# Supplied records
=====
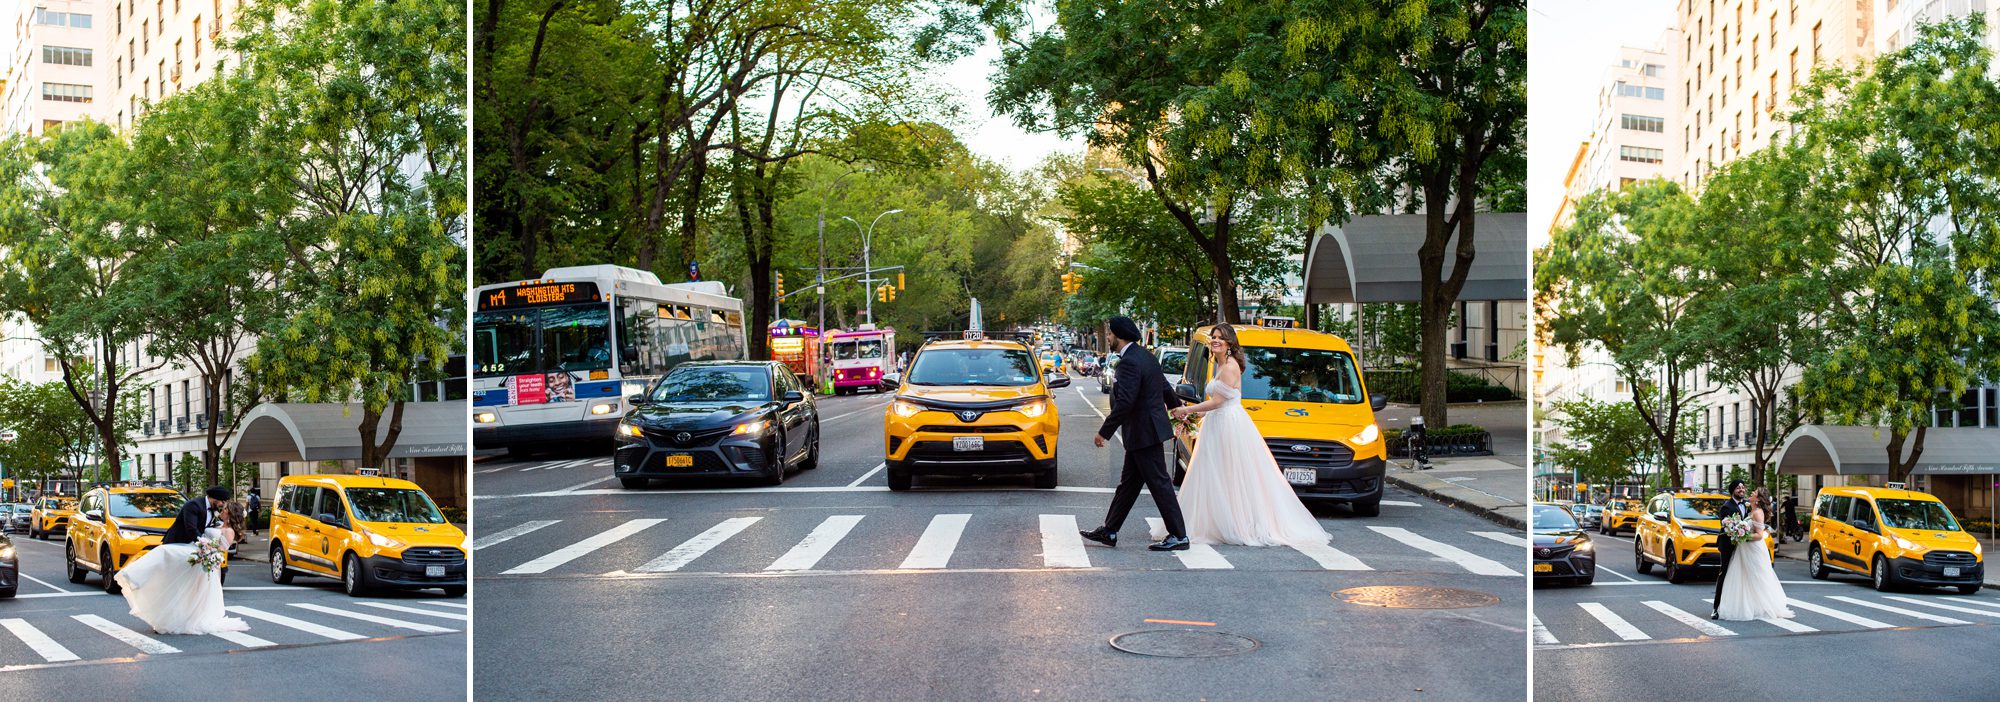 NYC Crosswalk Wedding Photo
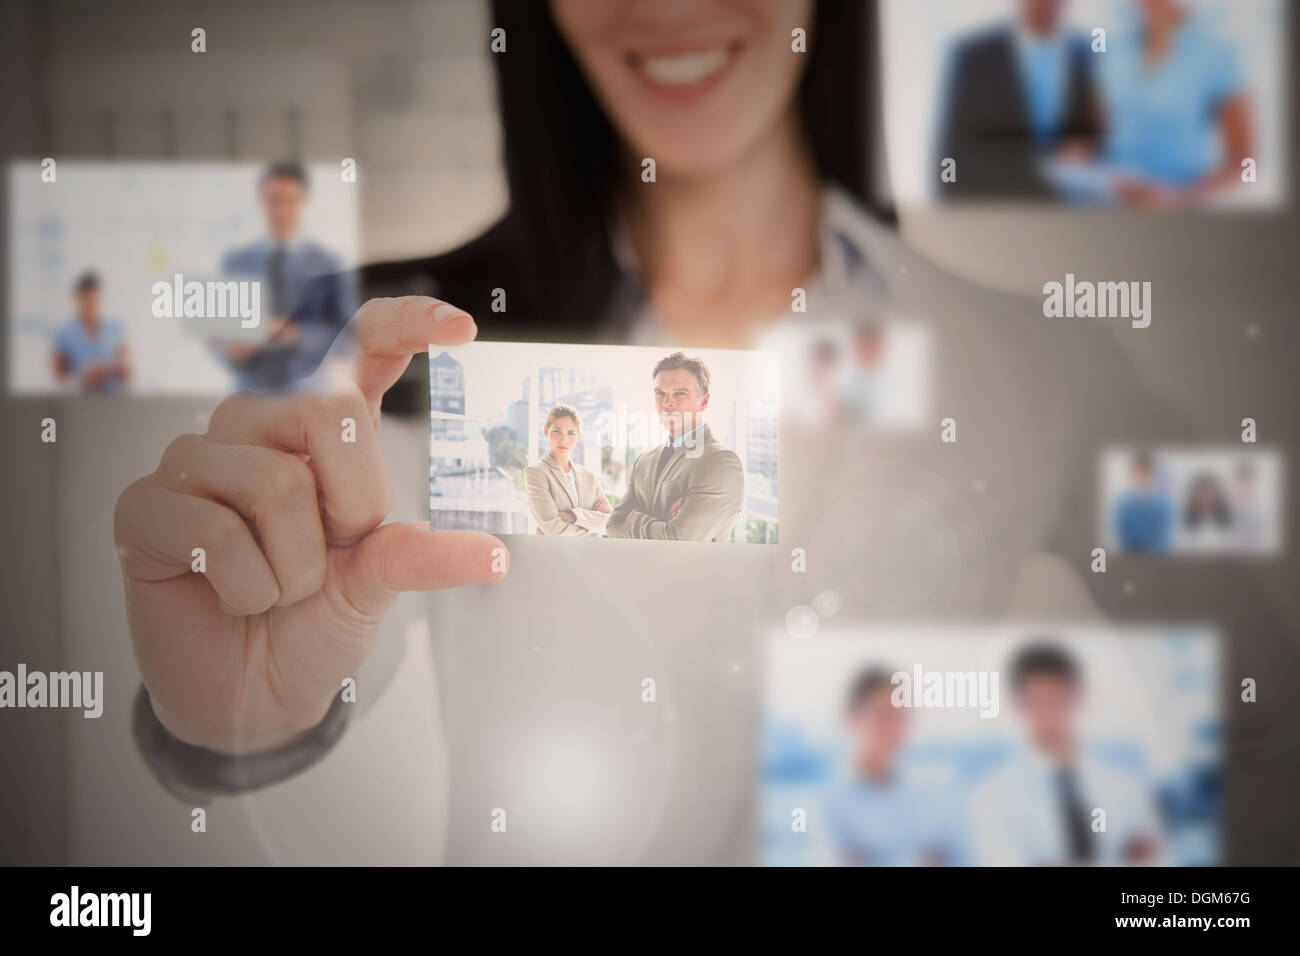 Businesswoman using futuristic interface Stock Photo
=====
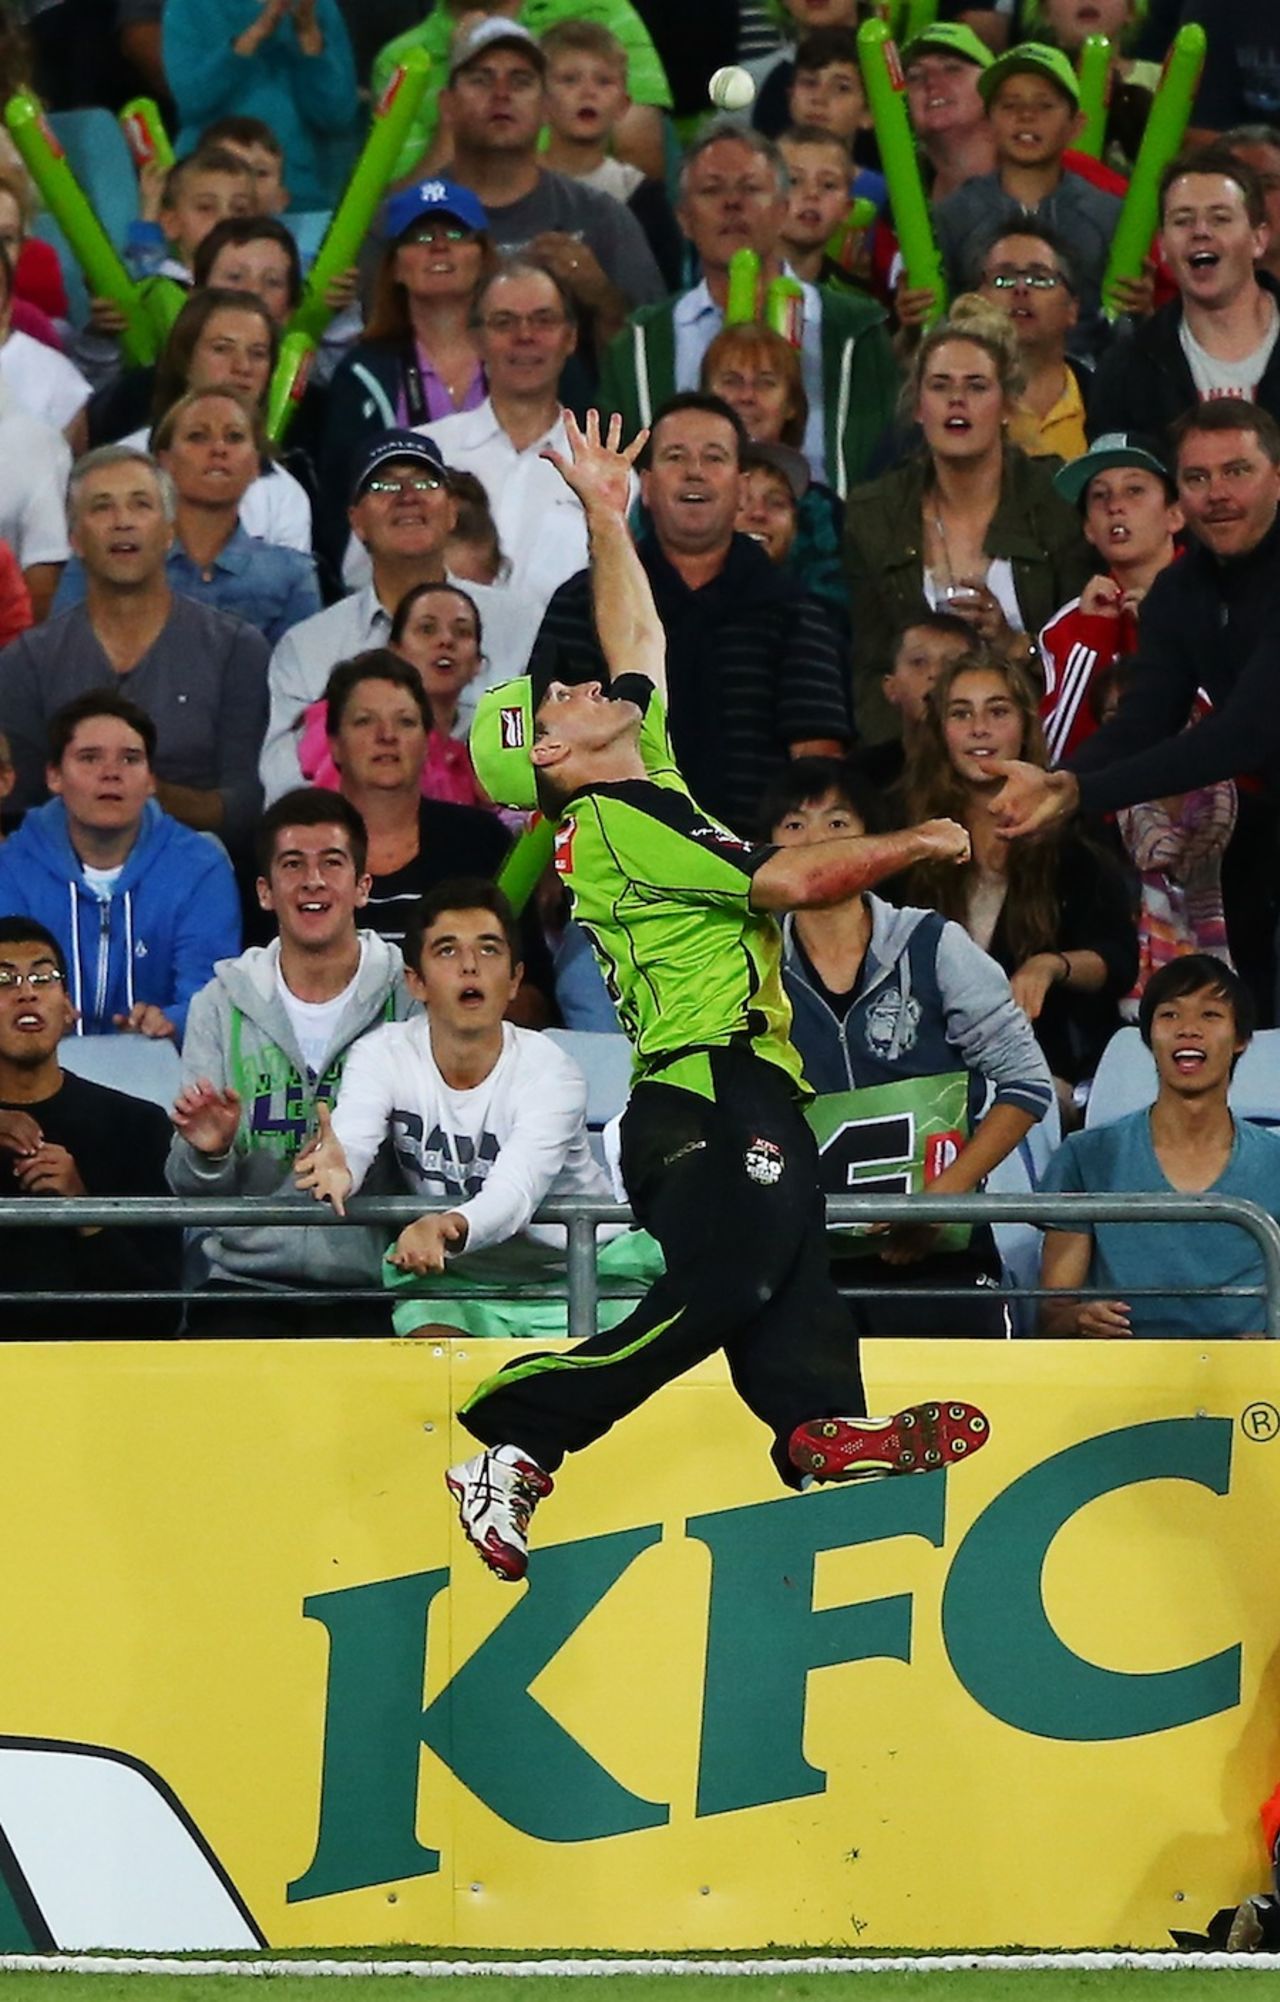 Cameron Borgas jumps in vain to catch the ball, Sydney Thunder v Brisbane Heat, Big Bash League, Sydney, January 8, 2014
=====
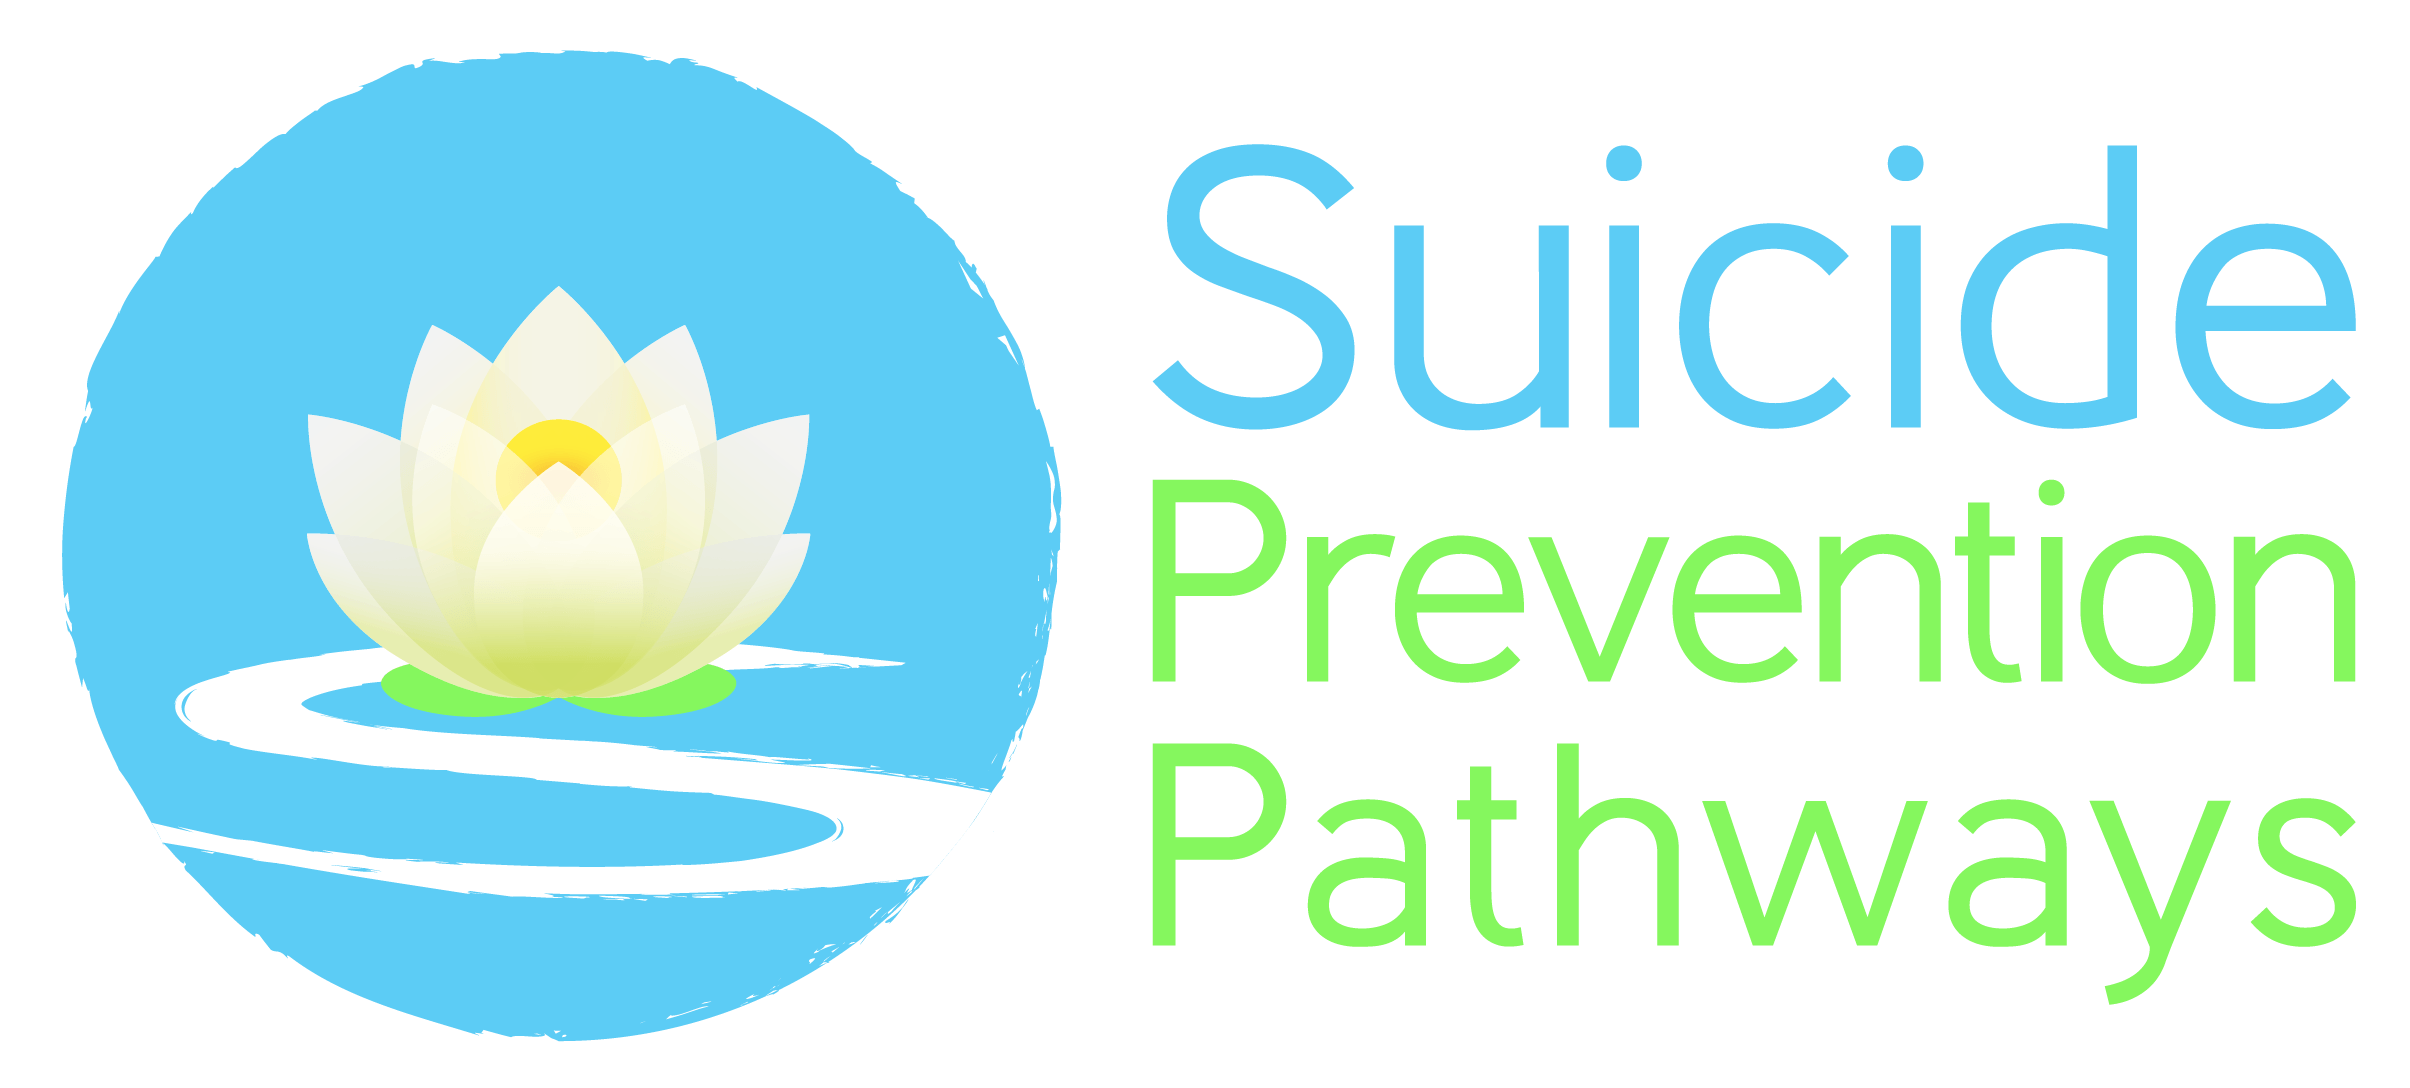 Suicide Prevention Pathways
=====
# Assigned task
Set the pictures aside and reproduce exactly the lines above, from the line holding "NYC Crosswalk Wedding Photo" through the line holding "Businesswoman using futuristic", both included, with nothing else.

# Answer section
 NYC Crosswalk Wedding Photo
 Businesswoman using futuristic interface Stock Photo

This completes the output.